Another UNESCO World Heritage Site is Preah Vihear, a gorgeous temple that frantically rests on a bluff in the Dangrek mountain range 200 kilometers (124 miles) from Siem Reap. Though not a part of the Angkor complex of temples, Preah Vihear is well worth the bumpy dusty ride from the city. Those coming in from Thailand could actually ride in style, sort of, on flashy air-conditioned buses. The beauty of this temple is not without conflict as both Cambodia and Thailand claim ownership up to this day, with the International Court of Justice settling control in favor of Cambodia. Clashes between the military of both countries happen sporadically which sours their relations.
Getting around dozens of temples require bottomless energy and stamina in the sweltering tropical heat, so it’s either you select the temples that draw more interest or you stay for a few more on top of the usual three-day suggested length of stay in Siem Reap. Unless hiking is your thing, it is virtually impossible to saunter around Angkor, but it is quite possible to wander around by yourself without a tour guide. However, guides are recommended for a swifter review of the temples, and sometimes your moto driver could serve as your guide. Most hotels and travel agents have English-speaking guides that ask $20-25 per day.

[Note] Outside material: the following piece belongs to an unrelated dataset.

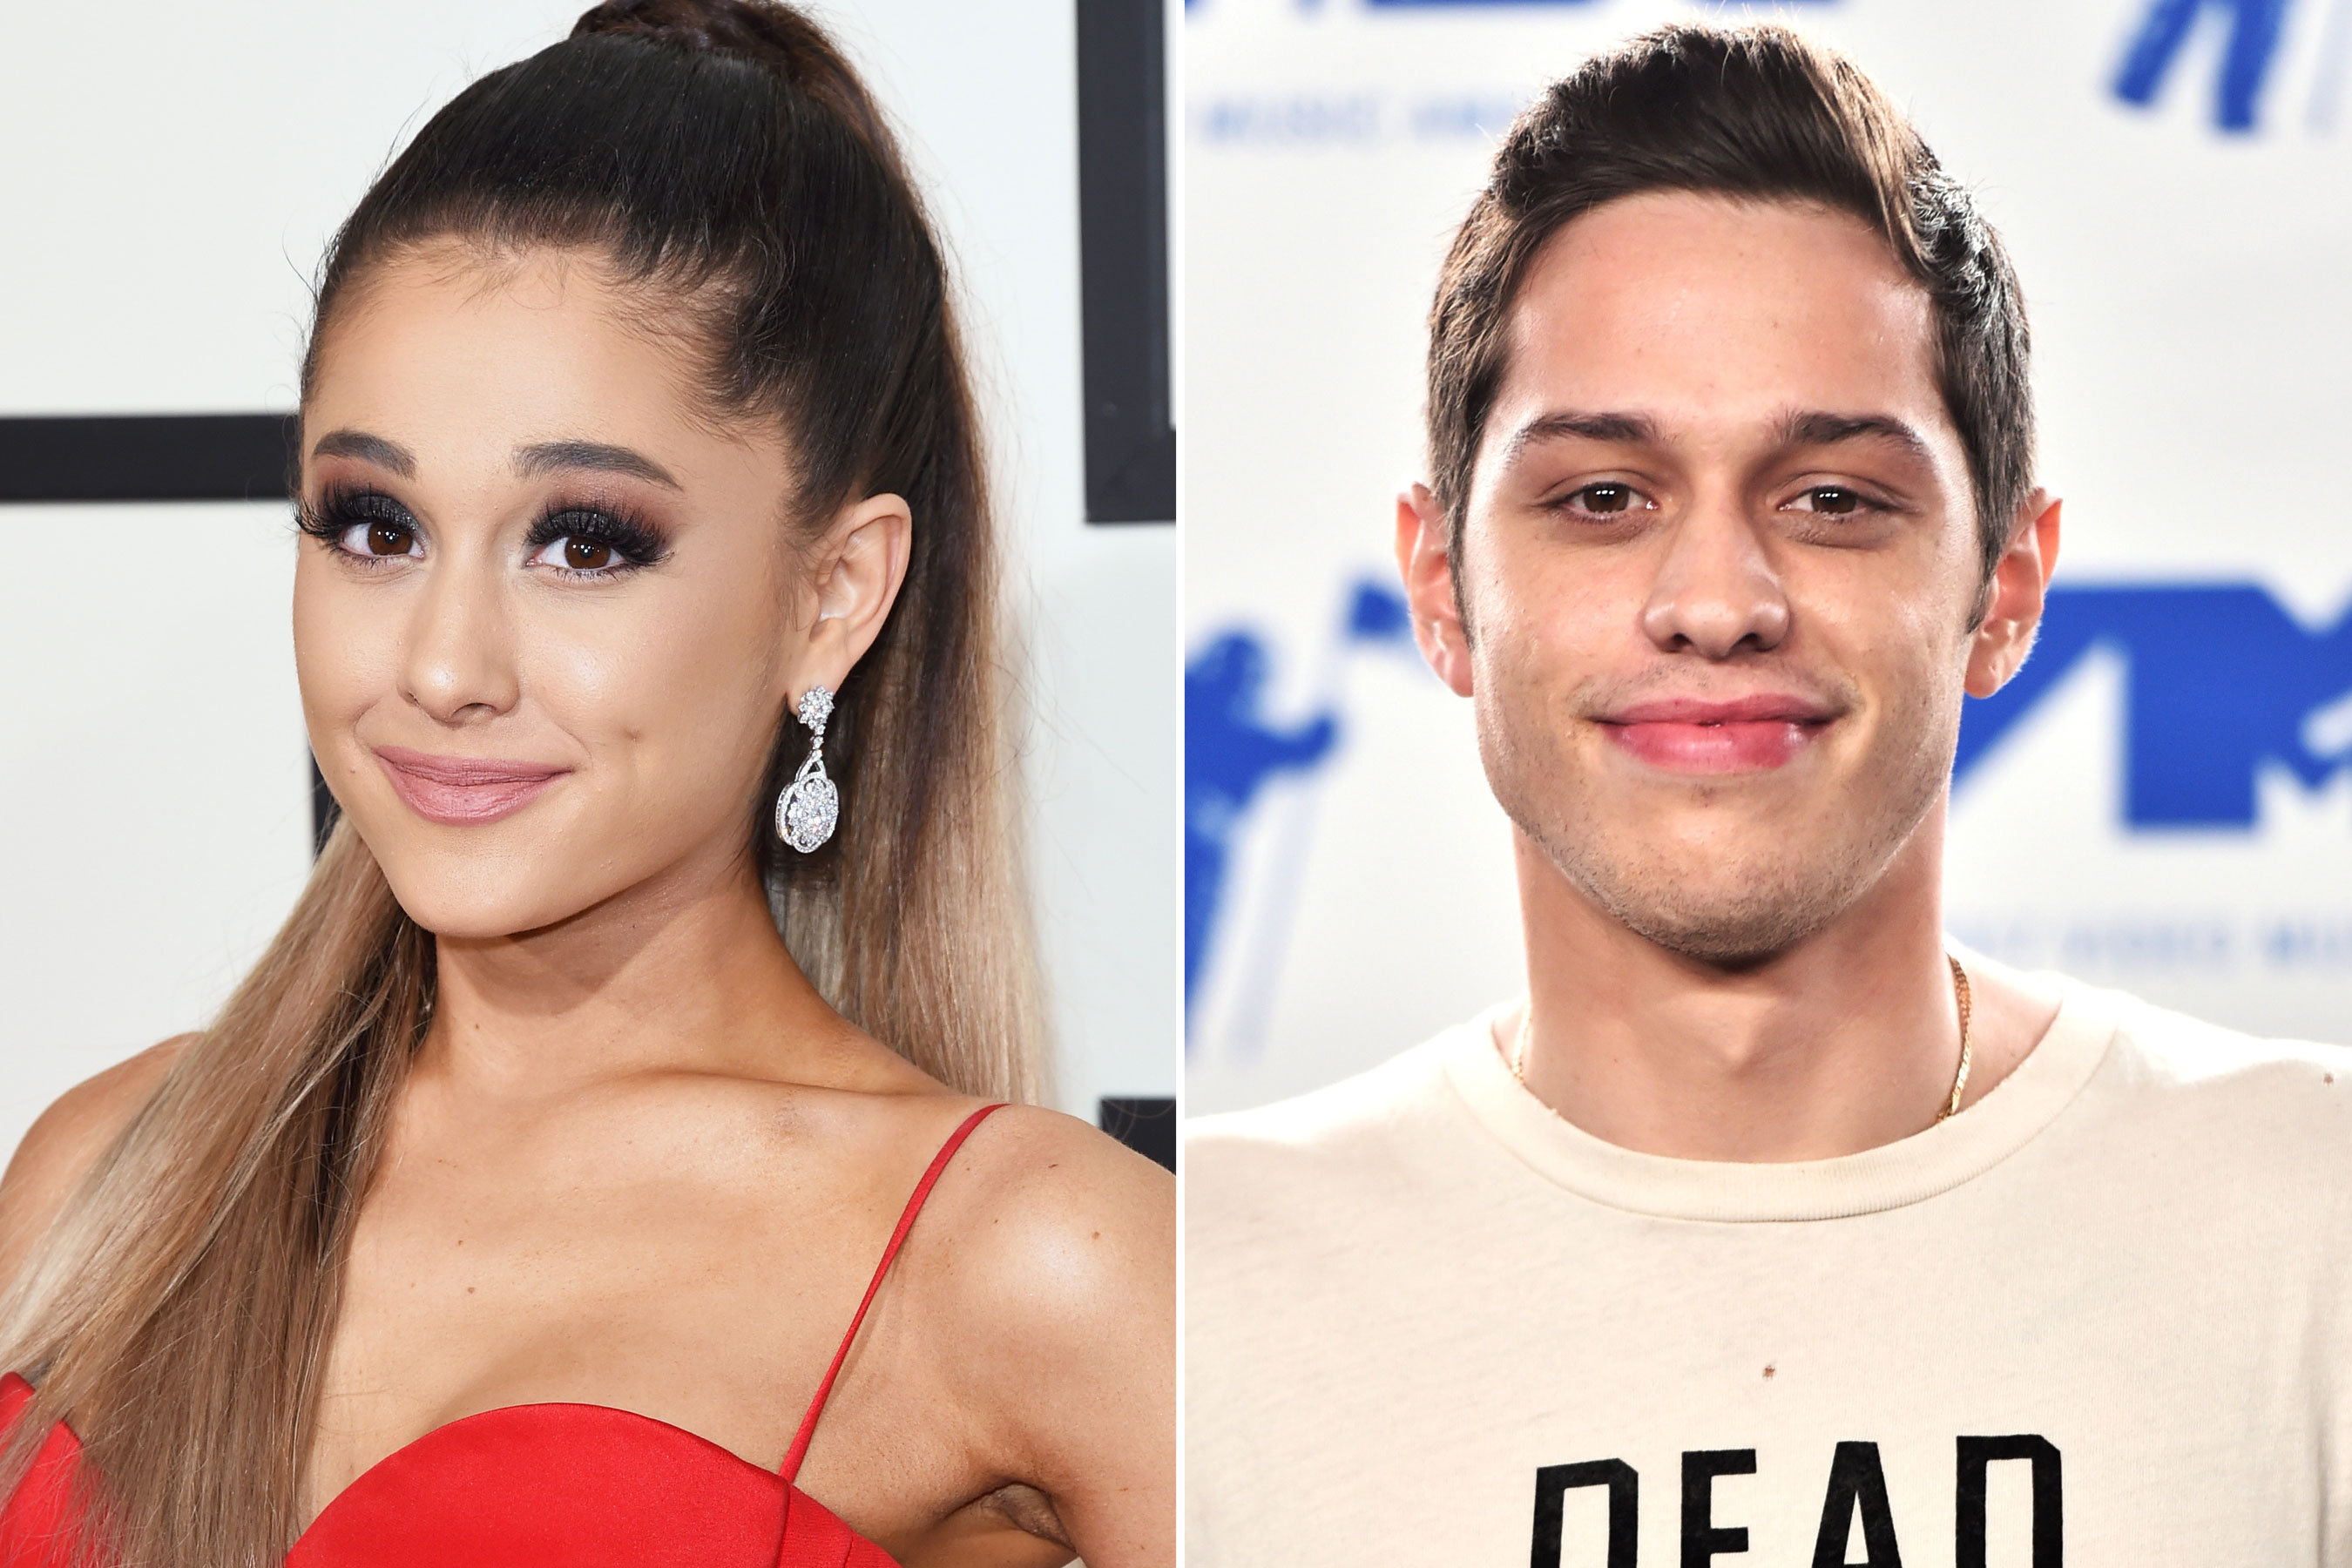 Pete Davidson blocked Ariana Grande after split

Your transportation options around Angkor could involve moto romauk (tandem motorcycle) for $10-13, motodup (motorcycle taxi) for $6-9 and air-conditioned car taxis for $20-25, each priced on a daily basis. If you are a lone traveler, bicycles are recommended for $1.5-4 per day. For a spending spree helicopter rides for $90 per passenger can give you an eight-minute glimpse of the whole complex. Balloon rides, on the other hand, have become a common means of sightseeing above the Angkor landscape for those with extra cash. Ride in style 200 meters in the air on cute yellow helium balloons.

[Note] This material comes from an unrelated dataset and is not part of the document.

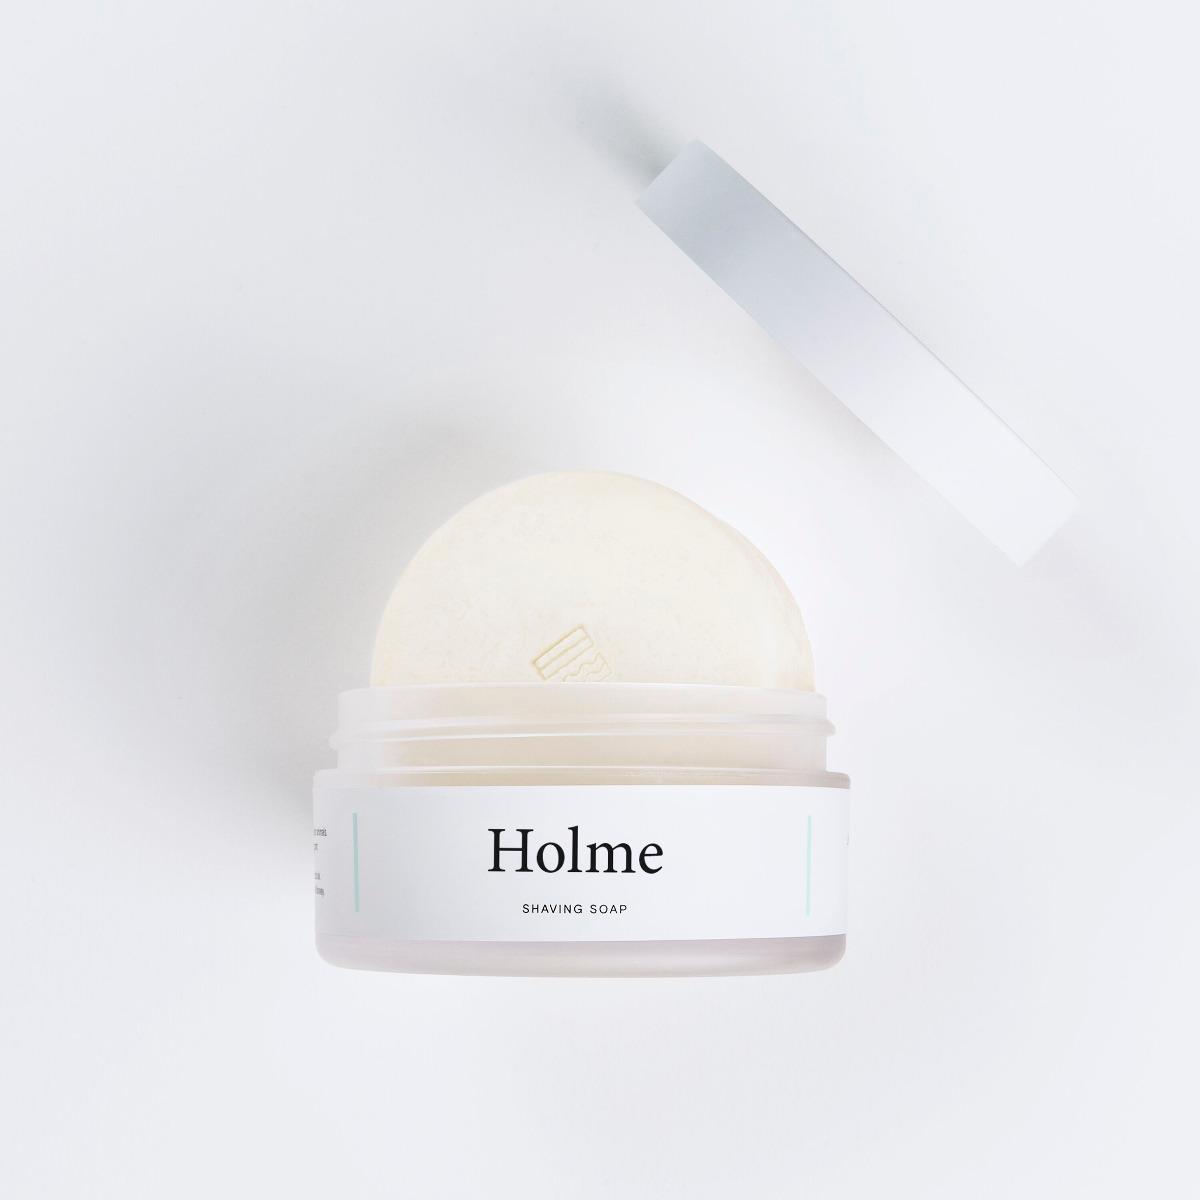 Fitjar Islands Holme Shaving Soap 100g in Plastic Tub

Contrary to popular practice, a one-day visit of the temples around Angkor is enough to witness all the significant temples. However, three days is recommended for a leisurely exploration while seven days are perfect for those who are into archaeological stuff. One-day ($20), three-day ($40) and seven-day ($60) tickets to the complex called Angkor Pass can be availed with one passport-sized photo, or a photo capture at the main entrance, though the latter could be time-consuming for you. The three-day pass is valid for a week while the seven-day ticket is valid for a month, not specifically on a consecutive basis. Park hours are 5AM-6PM, with some temples closing up to three hours earlier. Always carry your pass with you as they are checked at every entry temple gates.
All the Angkor wonders might give you a temple burnout, so a boat trip to the neighboring Tonle Sap to mingle with the locals who live on floating houses in the Chhong Kneas and Kampong Phluk communities, lunch at the Banteay Srey Butterfly Centre, and perhaps a cooking class in town are requisite activities.
Despite relentless construction sites dotting all over the city, quaint French architecture still dominate some parts of town. The Old Market area is a prime example of old Siem Reap where you can wander from restaurants to bars and haggle for prices of souvenirs such as Cambodian silks and clothing as well as Kampot pepper, herbal soaps and organic Cambodian products.